Slow progress with forklift upgrade
Git, the popular distributed software version control system, is taking the first tentative steps in what promises to be a tricky migration between the aging SHA-1 hashing algorithm and a more secure alternative.
Reliance on SHA-1 has been baked into how Git works since its creation by Linus Torvalds way back in 2005 as a system to track changes in source code for the Linux kernel.
The hashing algorithm is used mainly for identification of a changeset related to different software builds.
Git uses SHA-1 to identify revisions and guard against accidental corruption, rather than as a cryptographic or security function, another application of hashing technology.
Hashing functions take an input and process it to give a fixed size hash value or message digest. Security researchers at CWI Amsterdam and Google first demonstrated in 2017 that it was possible for two different files to give the same SHA-1 hash – known as a “collision”.
Exploits based on this shortcoming have been refined over the three years, to the point where other researchers recently demonstrated a way to append data to two existing documents in such a way that they return the same SHA-1 hash. This is known as a “chosen-prefix collision”.
Because of the heavy number crunching needed to generate a chosen-prefix collision, each instance costs around $45,000 to compute, but this figure is only going to decrease over time.
Advances mean the SHA-1 hashing protocol is potential susceptible to types of attacks long possible against the earlier MD5 hashing protocol.
The writing has been on the wall for SHA-1 for some time. Web browser vendors such as Mozilla dropped support for SHA-1 SSL certificates back in 2017.
Git is following suit with plans to upgrade to SHA-256 throughout the repository.
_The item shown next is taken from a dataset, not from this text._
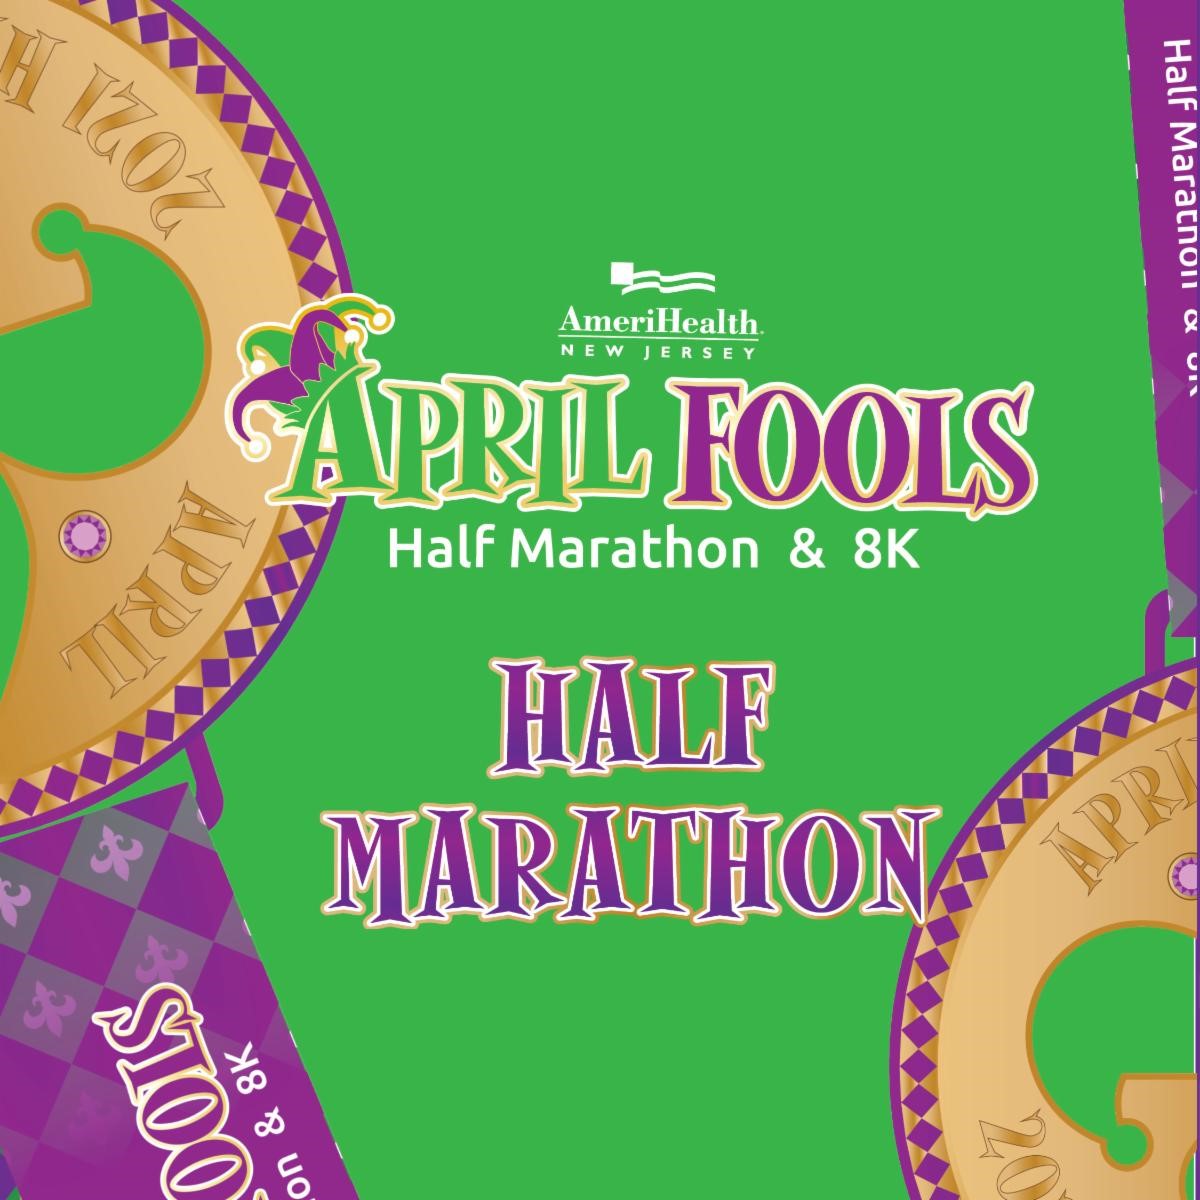 Limited registrations available for April Fools Half Marathon and 8K in

The move, which is far from straightforward, safeguards against the potential risk of hard-to-detect tampering.
Hashing is not the only security mechanism in play on Git, so even though the upgrade to SHA-256 is desirable, it is far from essential.
The long-planned upgrade is tricky because it involves a change in a core component of the system while maintaining backwards compatibility with existing software repositories.
The broad plan, first outline three years ago, was fleshed out through a posting last month by Git developer Brian Carlson, who described the proposed SHA-256 implementation and inviting comment from other experts on transition code.
This code is at an alpha stage of development and not yet ready to apply to working repositories.
An analysis by Jonathan Corbet of Linux and free software news site LWN.net outlines the situation:
SHA‑1 is now considered to be broken and, despite the fact that it does not yet seem to be so broken that it could be used to compromise Git repositories, users are increasingly worried about its security.
The good news is that work on moving Git past SHA‑1 has been underway for some time and is slowly coming to fruition; there is a version of the code that can be looked at now.
Moving to a stronger hash is a tricky migration because, as Corbet outlines, in the early days of Git, Torvalds was “unconcerned about the possibility of SHA‑1 being broken”.
“As a result, he never designed in the ability to switch to a different hash; SHA‑1 is fundamental to how Git operates,” Corbet said.